Jenis metode ini digunakan oleh manajer dalam melakukan penilaian lebih kearah pada orientasi ke masa lalu dari pegawai, maka manajer harus dapat menguraikan mengenai hasil karya dari para pegawainya dengan menggunakan prosedur yang lebih formal dan sistematis yakni memilih prosedur yang akan dapat meminimalisis terjadinya konflikdengan orang yang dinilai atau pegawainya. Berikut metode penilaian yang berorientasi masa lalu, yakni :

Skala Penilaian Grafik (Grafic rating scales)

Yakni metode penilaian yang digunakan oleh penilai dalam melakukan penilaian terhadap yang diberi nilai dengan melakukan penilaian yang berdasarkan skala tertentu. Metode ini merupakan yang tertua dan paling luas digunakan, teknik skala yang terdapat dalam banyak bentuk. Skala penilaian (Rating Scales) dibedakan menjadi yakni:

  • Sampai seberapakah tepatnya kategori itu didefinisikan
  • Sampai seberapakah orang menafsirkan penilaian itu dapat memberitahukan tanggapan apakah yang dimaksud oleh penilai
  • Sampai seberapakah jelitinya dimensi hasil karya didefinisikan bagi penilai (Gibson, dkk. 1997:498)

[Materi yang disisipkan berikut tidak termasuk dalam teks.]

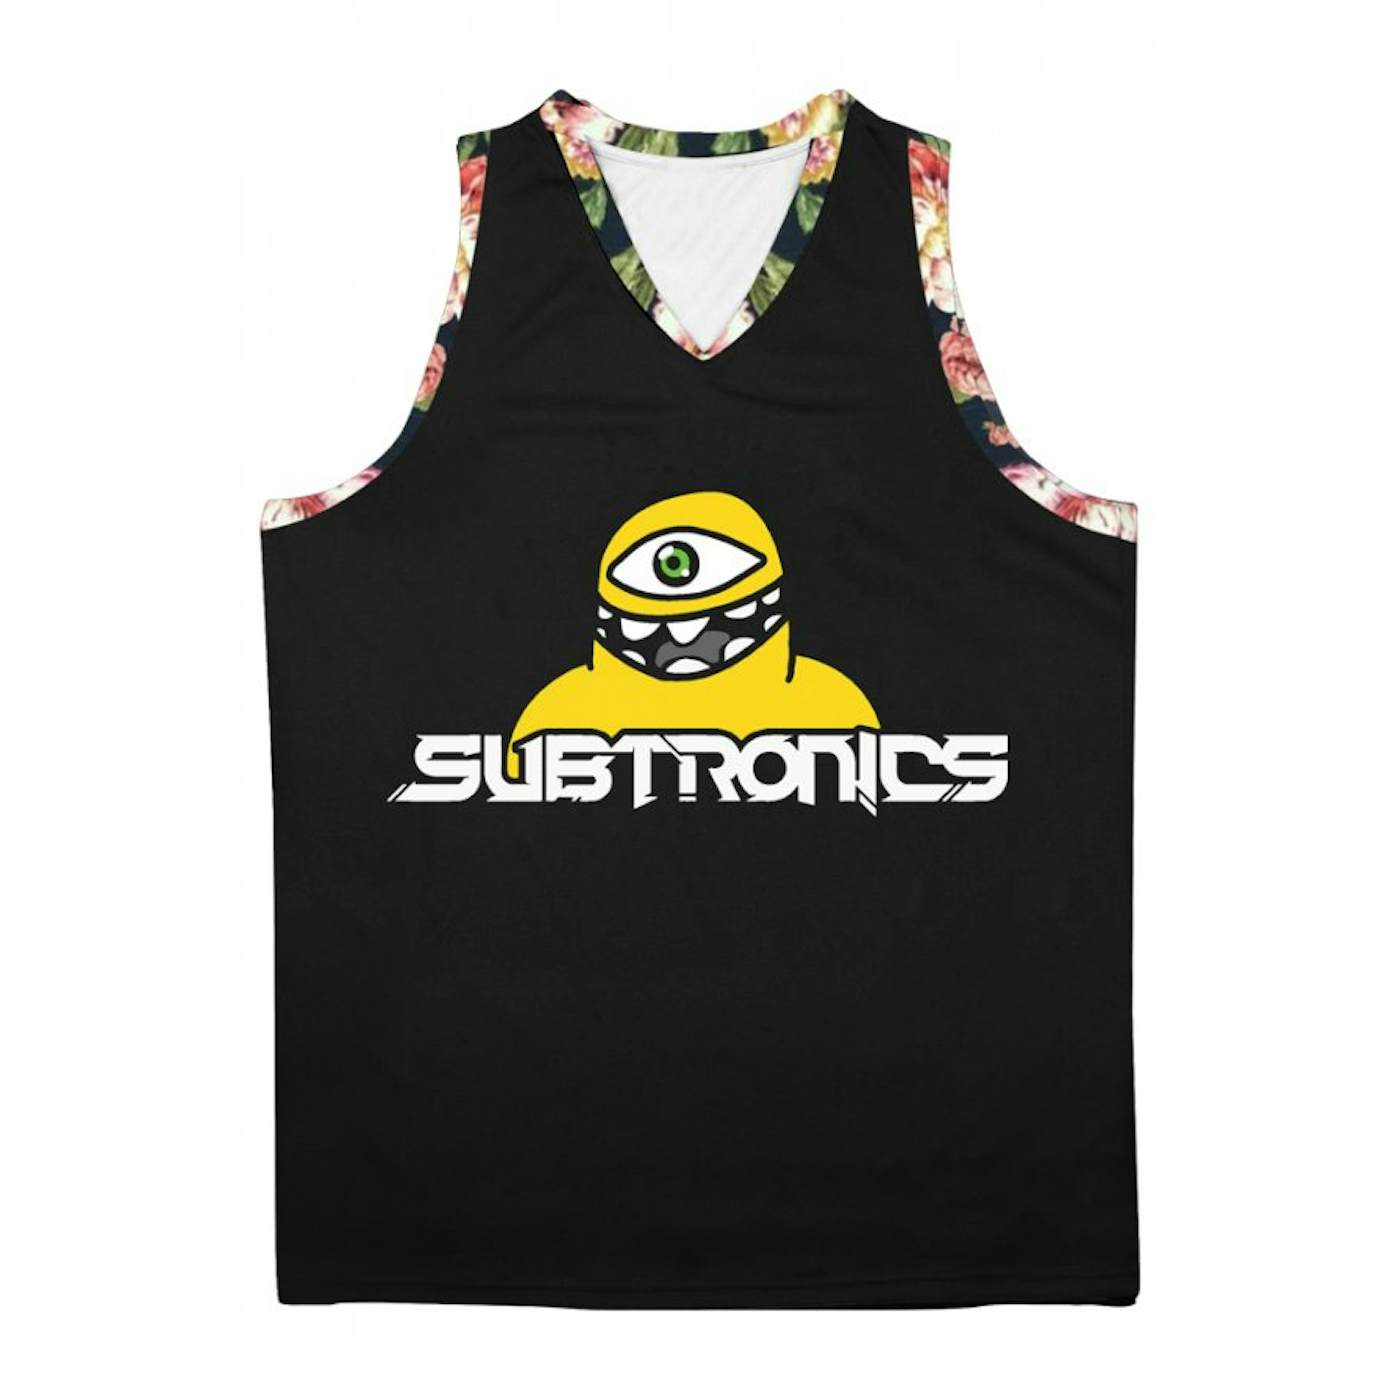 Subtronics Classic Cyclops Basketball Jersey

Metode Pemangkatan (Ranking Methods)

Yakni metode penilaian yang digunakan oleh penilai dalam melakukan kegiatan penilaian yang didasarkan ranking atau peringkat sesuai dengan nilai relatif bagi organisasi mengenai nilai lebih yang diberikan oleh yang dinilai. Biasanya metode ini digunakan oleh manajer dalam menilai pegawai untuk mengevaluasi semua lini bawahannya. Prosedur ini diterapkan dengan melihat pegawai atau karyawan yang paling baik hasil karyanya dan yang paling jelek karyanya. Namun disini juga ada permasalahan penilaian yakni mungkin sekali bahwa merka yang dinilai dalam bagian yang ditengah dari daftar peringkat dianggap sama atau tidak ada bedanya satu dengan yang lain karena mungkin yang dilihat hanya fokus pada peringkat yang paling baik dan yang paling jelek.

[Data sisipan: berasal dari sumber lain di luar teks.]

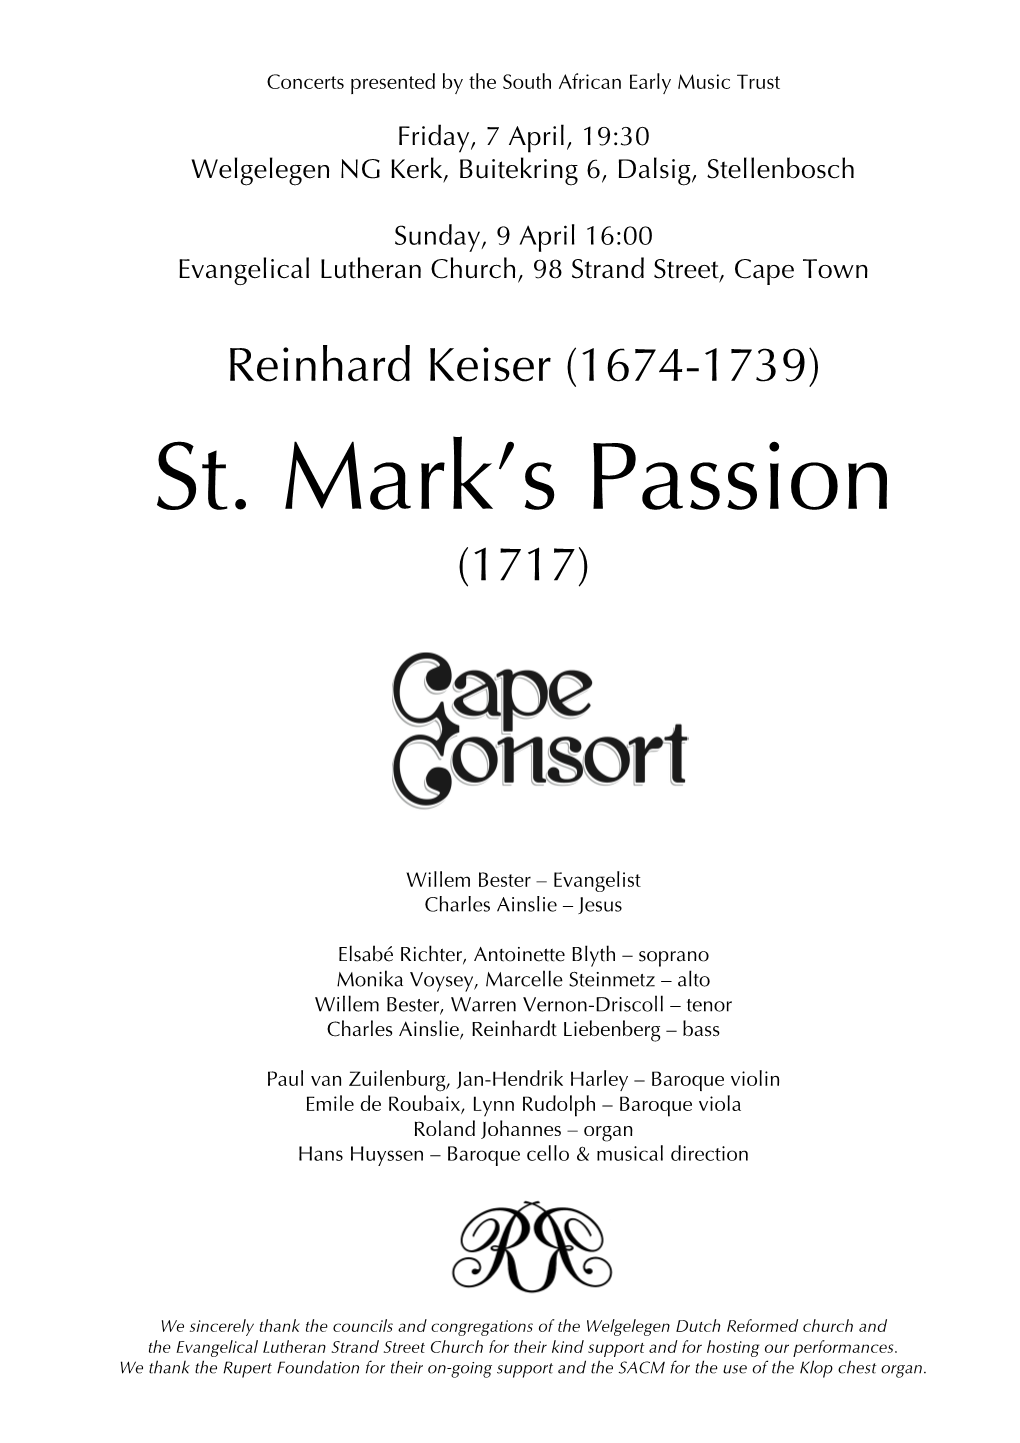 Reinhard Keiser, St Mark's Passion

Ada juga bentuk lain penilaian yakni misal metode perbandingan berpasangan, dengan membandingkan setiap bawahan dengan yang lain dengan mengidentifikasi yang paling baik dari setiap pasangan.

Pasangan = N (N – 1)

2

Checklist Yang Dibobot (Weighted Checklist)

Yakni metode penilaian yang digunakan oleh penilai dalam melakukan penilaian yang didasarkan pada penilai memilih Checklist pernyataan yang menggambarkan karakter dan perilaku dari yang dinilai. Checklist yang dibobot mengharuskan penilai untuk berpikir dari segi perilaku pekerjaan khusus, namun juga sulit dikembangkan dan sangat mahal, serta disusun harus terpisah setiap pekerjaan yang berbeda-beda.

Kriteria Yang Menjelaskan (Descriptive Essays)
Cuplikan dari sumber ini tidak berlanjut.